Being from Saidnaya is enough reason to be killed by the militants who have suffered heavy defeats there, the most recent of which was the fourth attack. What’s more, the city’s people are also guilty of being nasara, a derogatory term used by armed groups to refer to Christians.
…“You will be next, after Maaloula,” recounts one of the city’s dignitaries.
The Al Monitor article also confirms that the orphans at Our Lady of Saidnaya are still in residence as rebel mortar shells continue to rain down. These girls are orphans with nowhere to go, and the convent is their home. The article further confirms that Al-Nusra Front is circulating a video declaring a genocidal war against all Christians.

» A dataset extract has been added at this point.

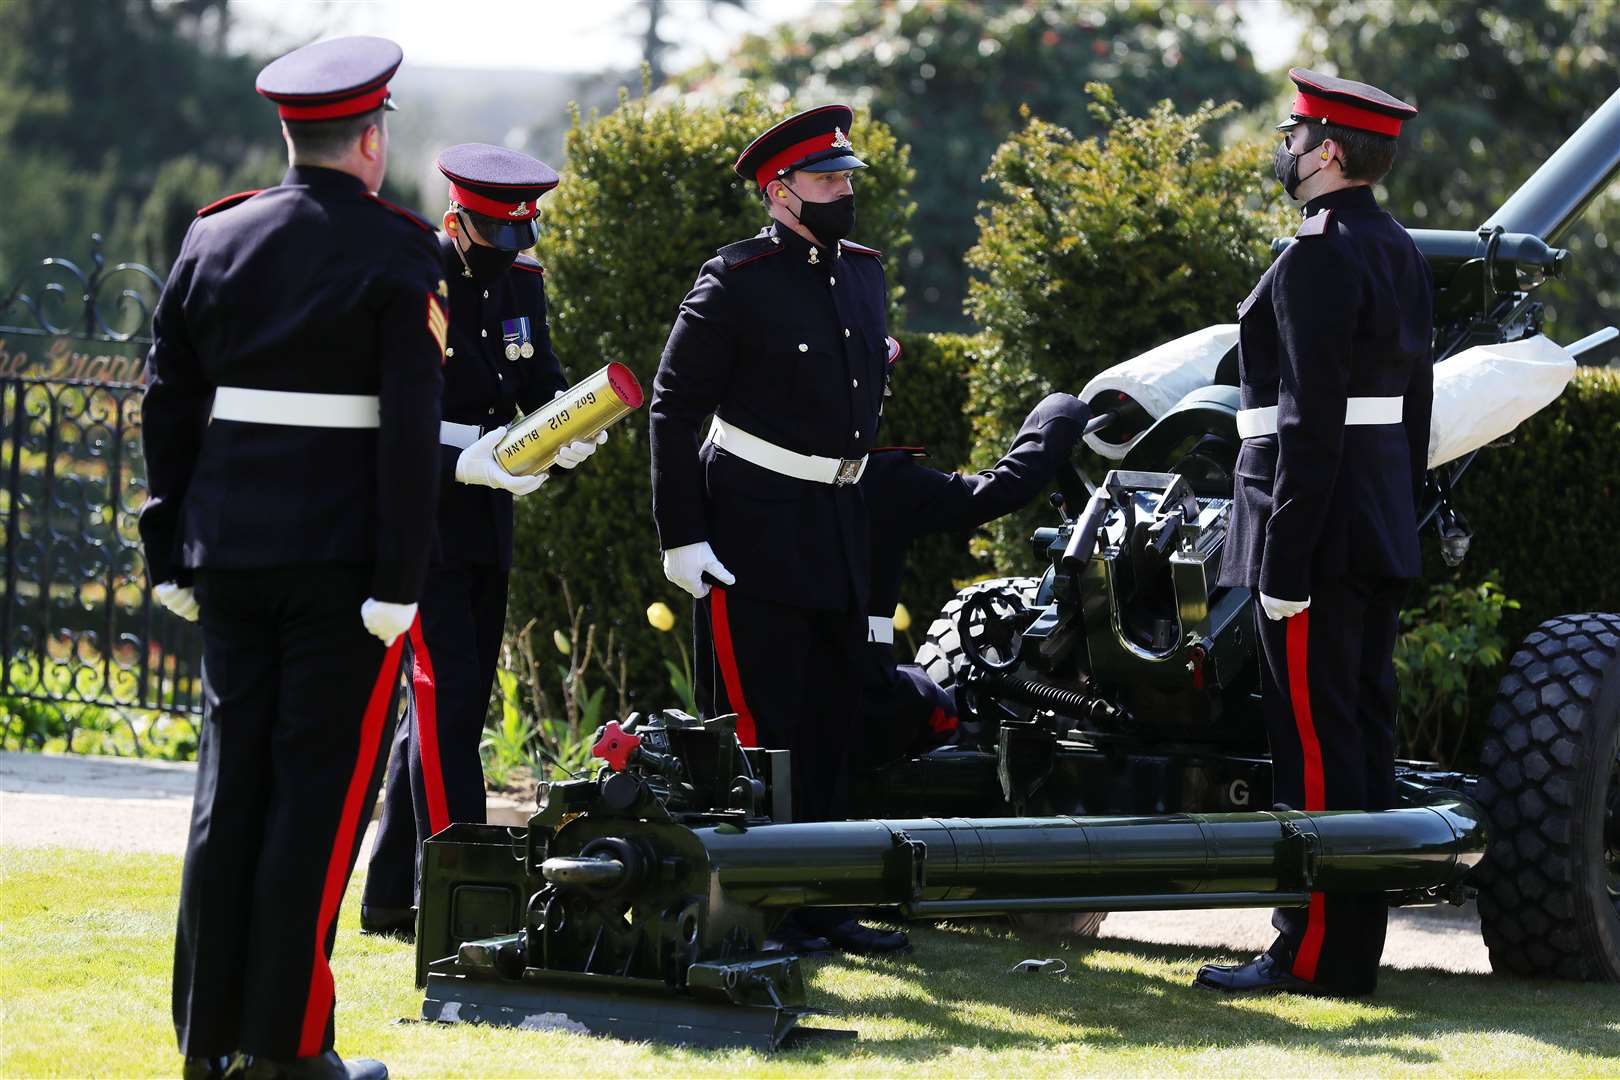 Personnel from 206 (Ulster) Battery Royal Artillery conduct a gun salute at Hillsborough Castle, Co Down (Kelvin Boyes/Press Eye/PA Wire)

Sadly, major media will on the whole continue to be silent about acts of genocide and religiocide committed by rebels in Syria. Some of the world’s most influential and visible reporters are close enough to events on the ground to know the truth, yet they continue to willfully distort, and commit acts of omission in their reporting.
Anne Barnard is perhaps the single most influential reporter when it comes to shaping American and world perceptions of the conflict in Syria. She is the Beirut bureau chief in charge of covering the Middle East for the New York Times. Anyone who knows her work can easily perceive that she consistently and almost exclusively relies on rebel opposition sources in her reporting.
Joshua Landis, widely regard as the foremost Syria expert in the U.S., tweeted a LevantReport.com article on October 8 of last year that systematically took apart Anne Barnard’s NYT reporting of the first rebel attack on Maaloula. The critique included the following:
Soon the propaganda war began. The FSA posted videos to YouTube claiming that the Assad regime was shelling churches in Maaloula and started promoting them on Twitter using various aliases. This was soon followed by a video in which a wahabi-bearded “liberator” gave a tour of the supposed damage. Their efforts soon met with the desired reward. On September 10, the New York Times ran an article by Anne Barnard giving credibility to such videos and portraying public outcry about Maaloula as potential misperception. Eight days later, Lina Sinjab of the BBC used such materials to portray the whole event as an unfortunate scuffle with few deaths and no particular damage to local churches.
The article tweeted by Landis named Barnard as a propagandist attempting to cover up the crimes of the Syrian rebels. Surprisingly, in perhaps a sarcastic or playful acknowledgement of the critique, Anne Barnard “favorited” the article on her Twitter account. This “winking” acknowledgment from Barnard lends credibility to those who say that major media institutions such as the New York Times are willfully distorting the true and full context of the Syria conflict.
Saidnaya’s Christians, and all religious and ethnic minorities currently being targeted for genocide by the Syrian rebels need true and accurate reporting of their plight now more than ever. If real and lasting peace, the goal claimed by the Geneva Conference, is ever to be established in Syria, it must begin with a realistic assessment of not just the regime’s crimes and brutalities, but of the unambiguous intention to commit genocide on the part of the rebel opposition.
Brad Hoff served as a Marine from 2000-2004 at Headquarters Battalion, Quantico. After military service he lived, studied, and traveled throughout Syria off and on from 2004-2010. He currently teaches in Texas.